▸ **INPUT DATA**
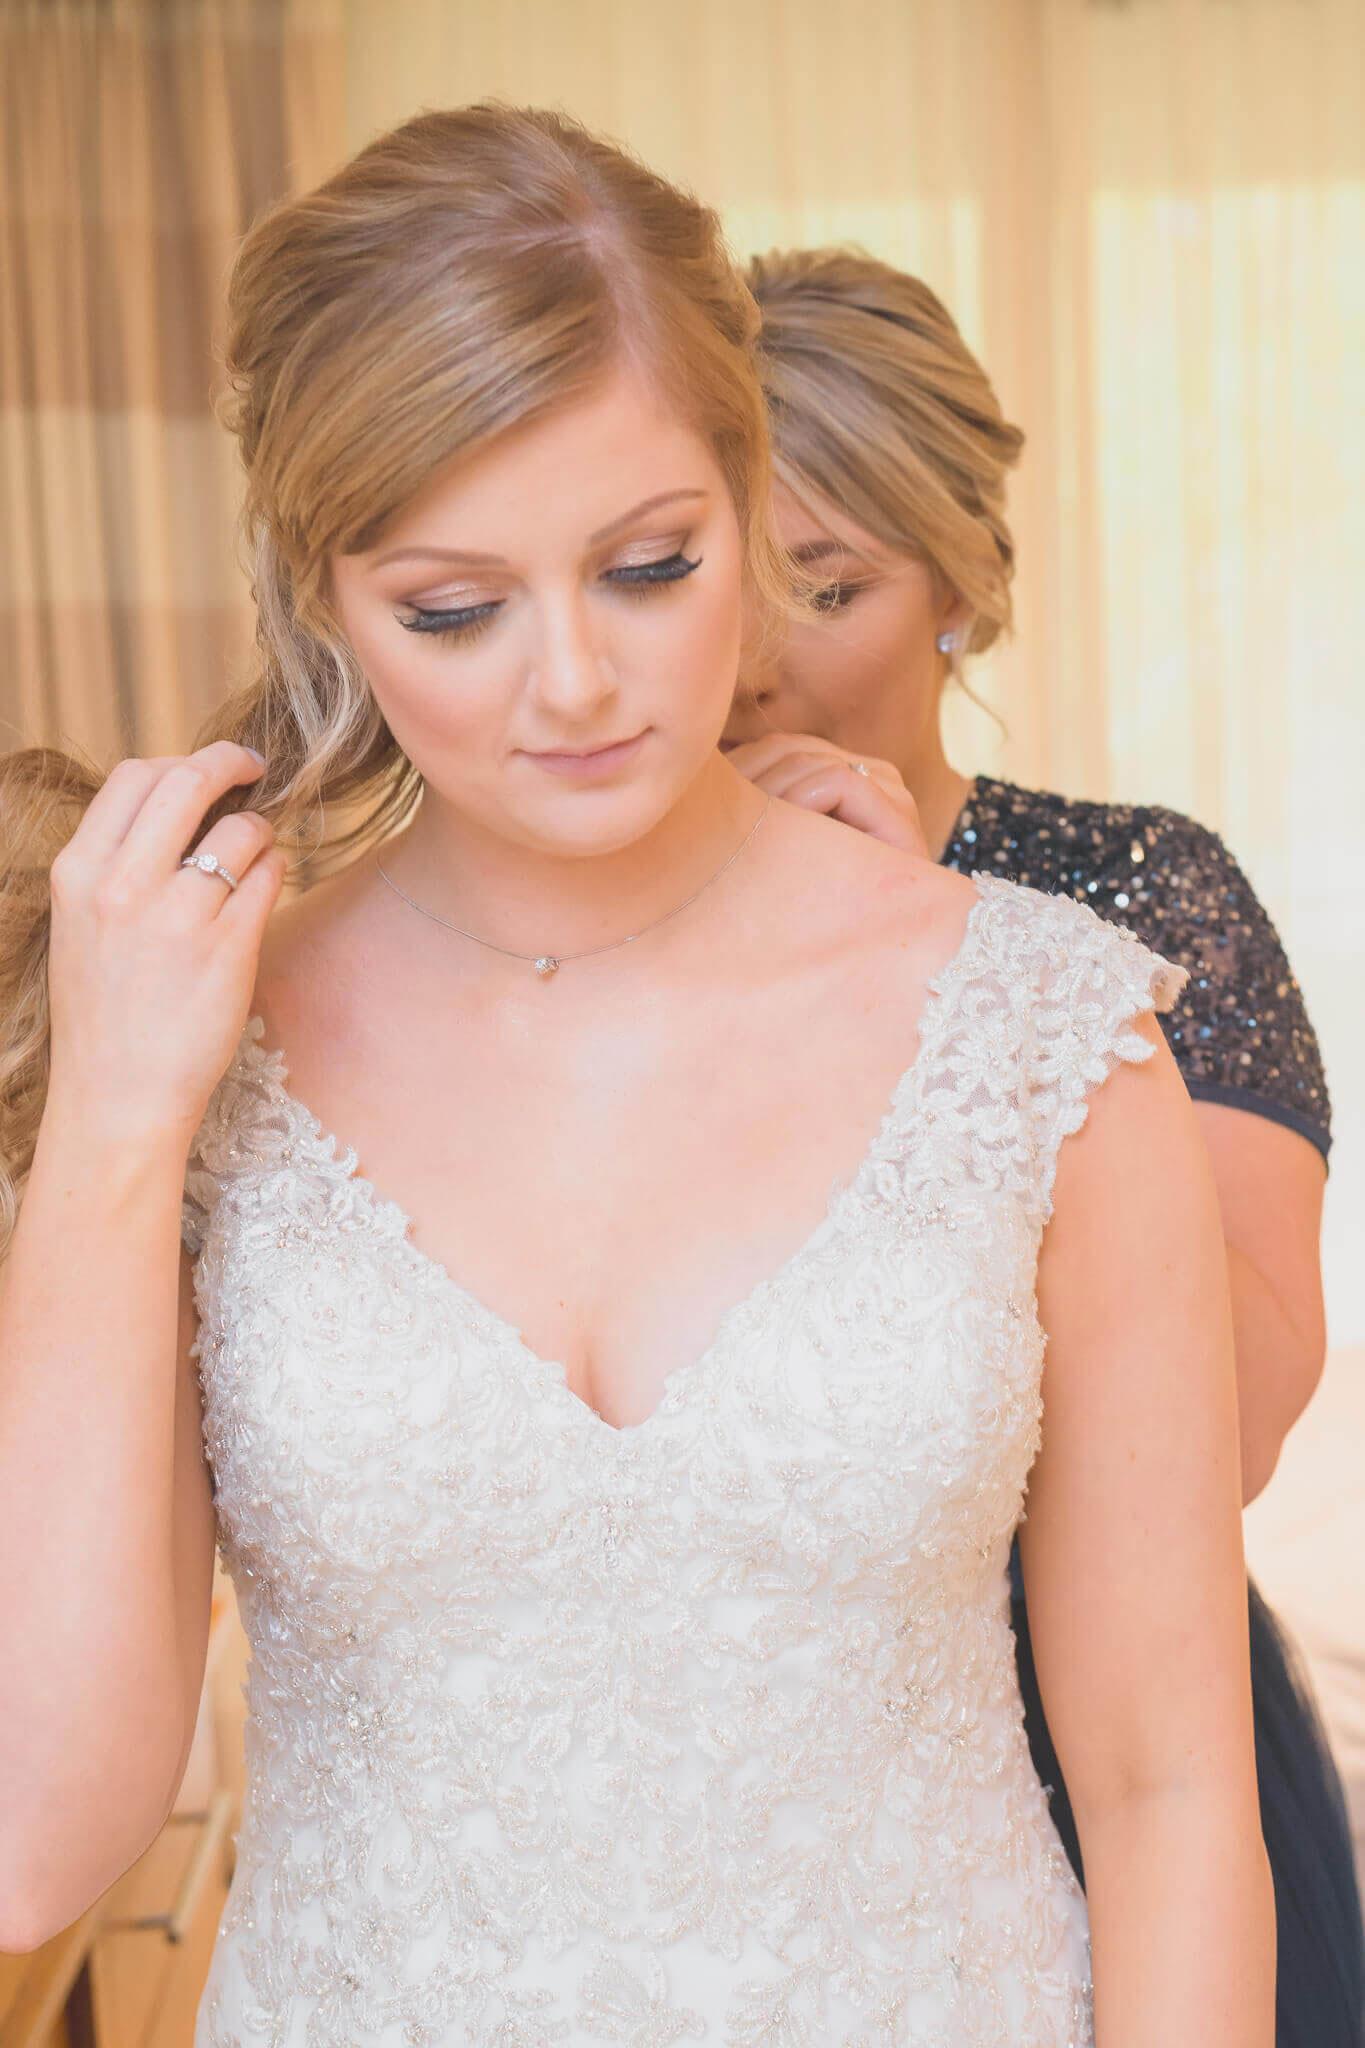 Wedding Photographer Hampshire Carousel Image 1
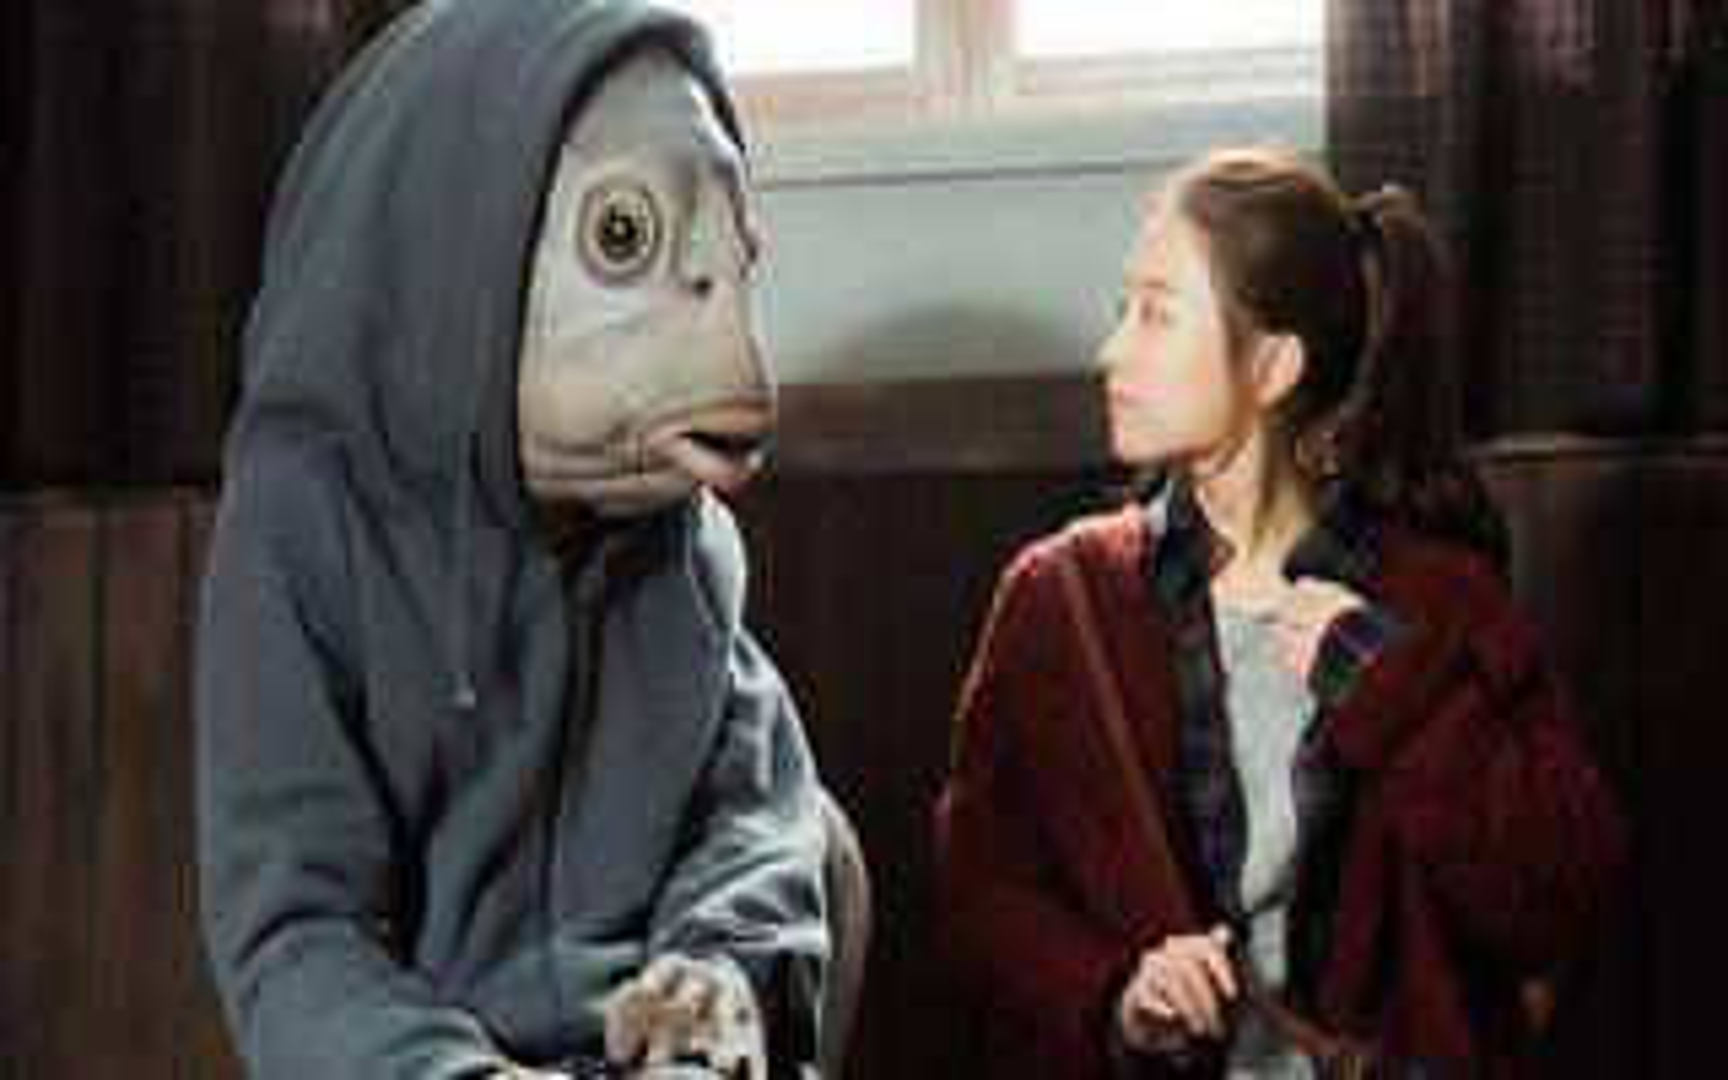 真实反映韩国人性扭曲的伦理电影《突然变异》
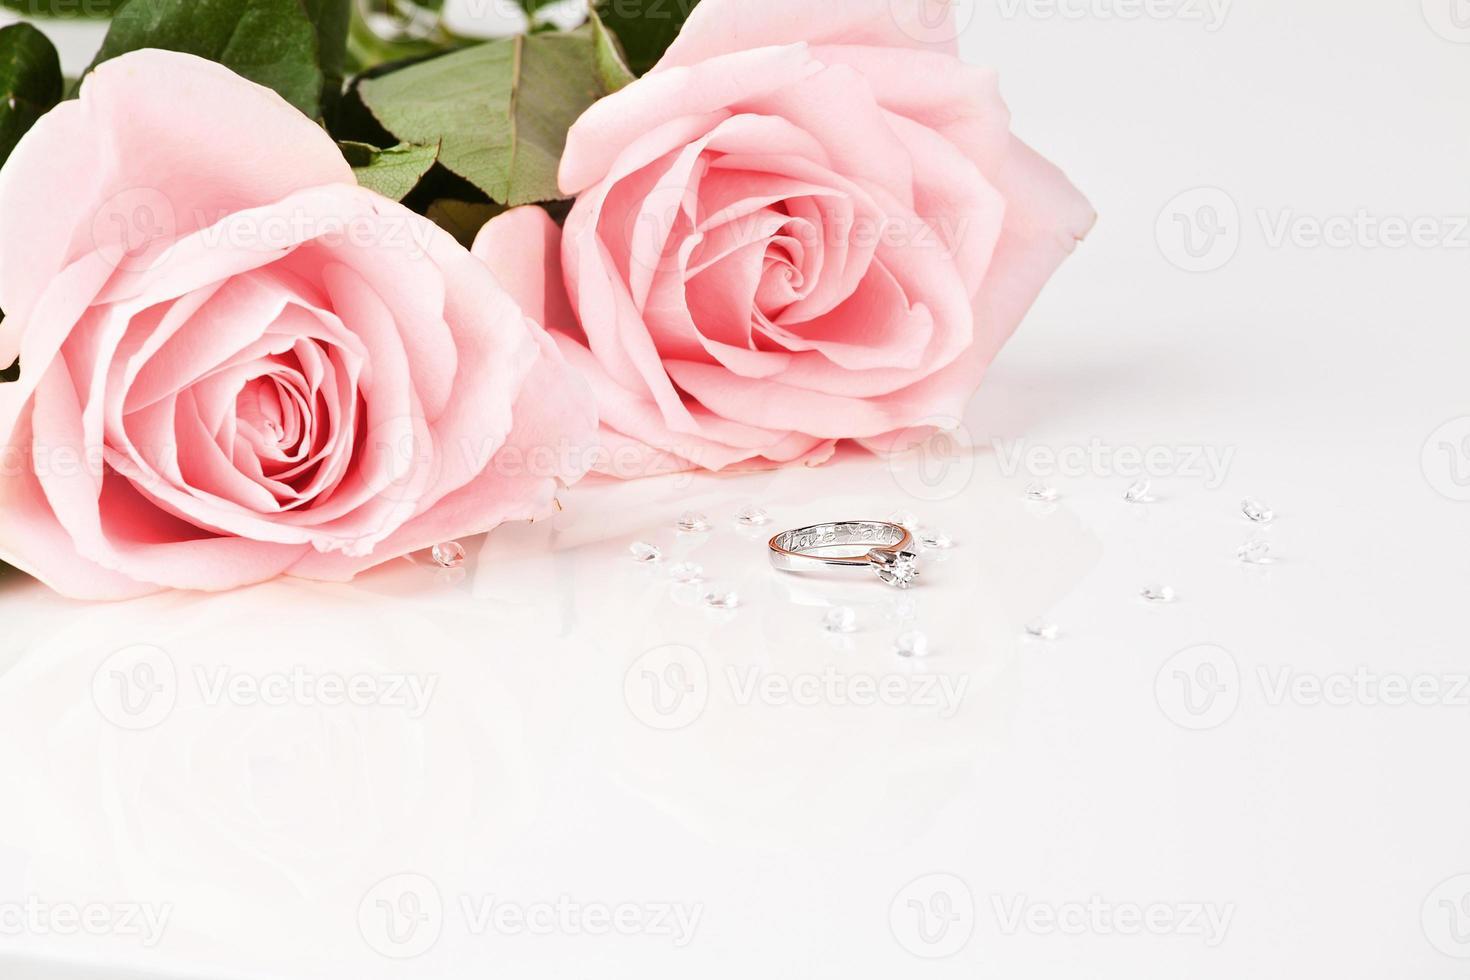 prachtige diamanten ring met roze rozen foto

▸ **PROBLEM REQUIREMENTS**
Your answer must be the lines from the line containing "真实反映韩国人性扭曲的伦理电影《突然变异》" through the final line of the data, written out exactly, both ends included and pictures left out.

▸ **TASK SOLUTION**
 真实反映韩国人性扭曲的伦理电影《突然变异》
 prachtige diamanten ring met roze rozen foto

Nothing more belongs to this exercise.